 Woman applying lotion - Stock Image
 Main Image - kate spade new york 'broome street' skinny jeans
* * *
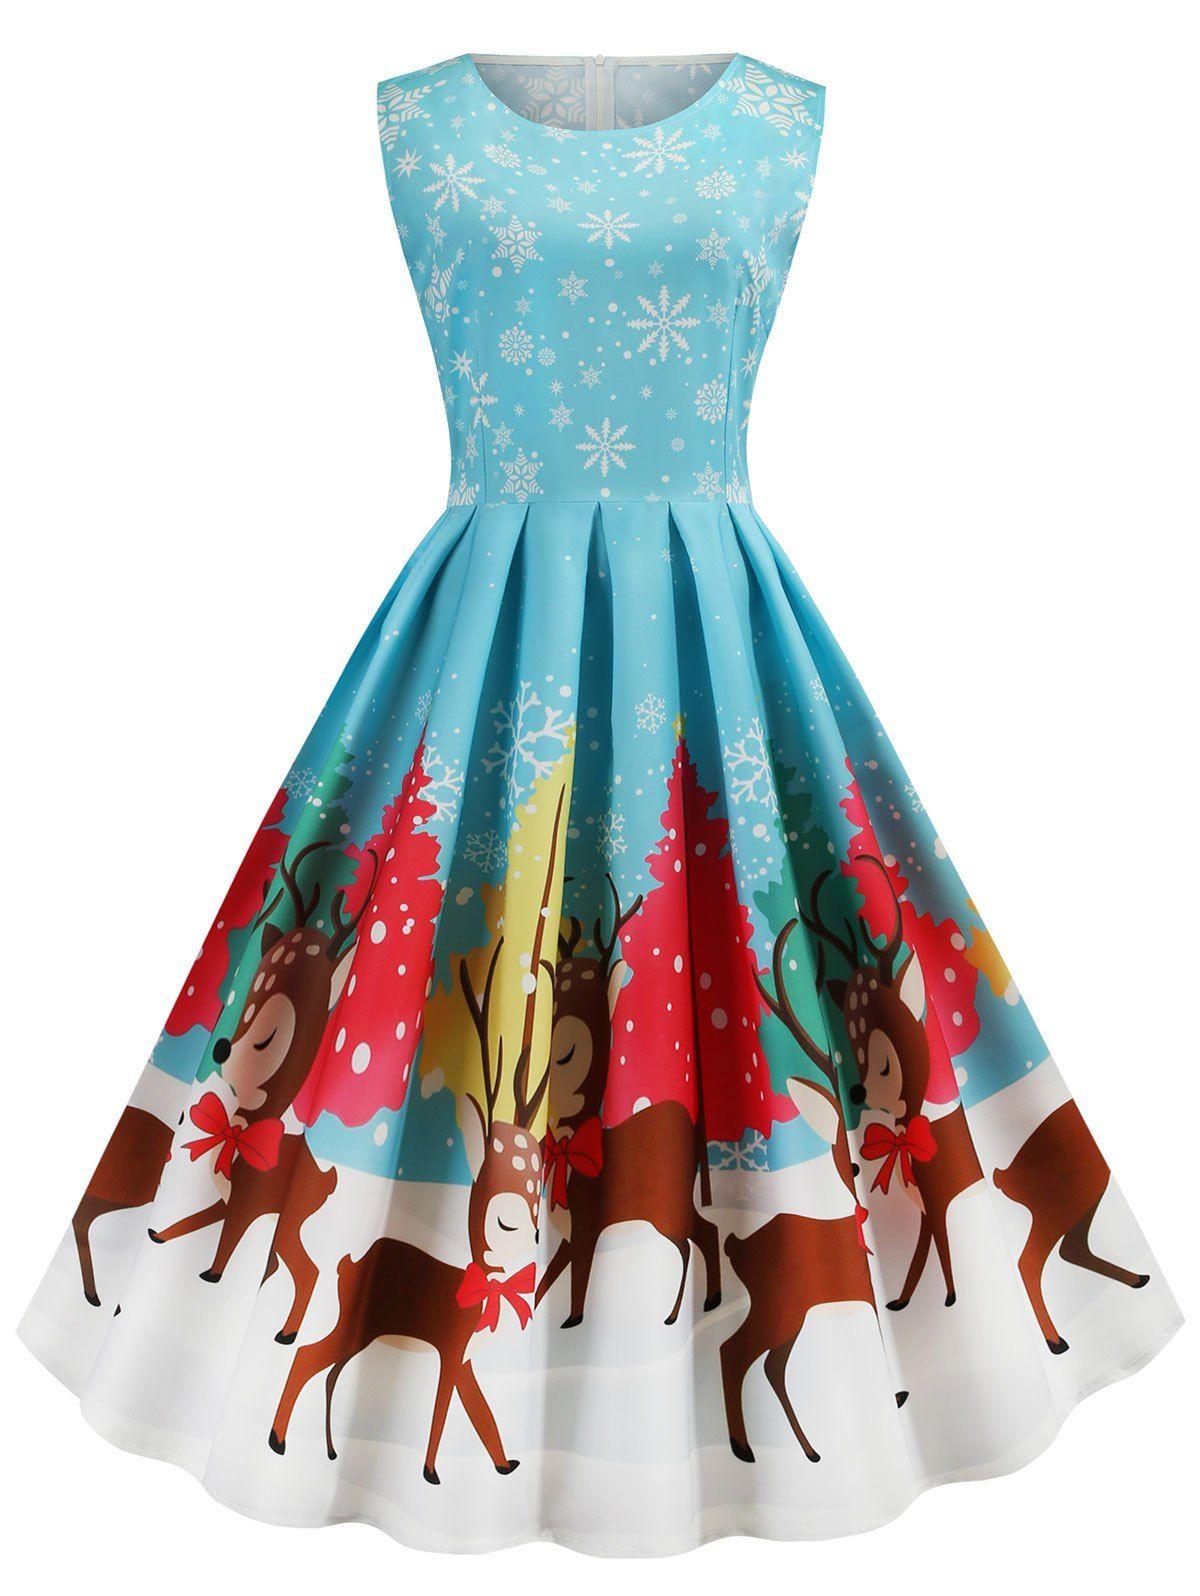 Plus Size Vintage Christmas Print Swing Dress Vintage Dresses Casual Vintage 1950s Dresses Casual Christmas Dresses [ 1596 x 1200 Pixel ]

THE PROBLEM: Once you reach the line with "Woman applying lotion - Stock Image" in the data above, copy it and every line after it exactly, up to and including the line with "Main Image - kate".

SOLUTION TO THIS TASK:
 Woman applying lotion - Stock Image
 Main Image - kate spade new york 'broome street' skinny jeans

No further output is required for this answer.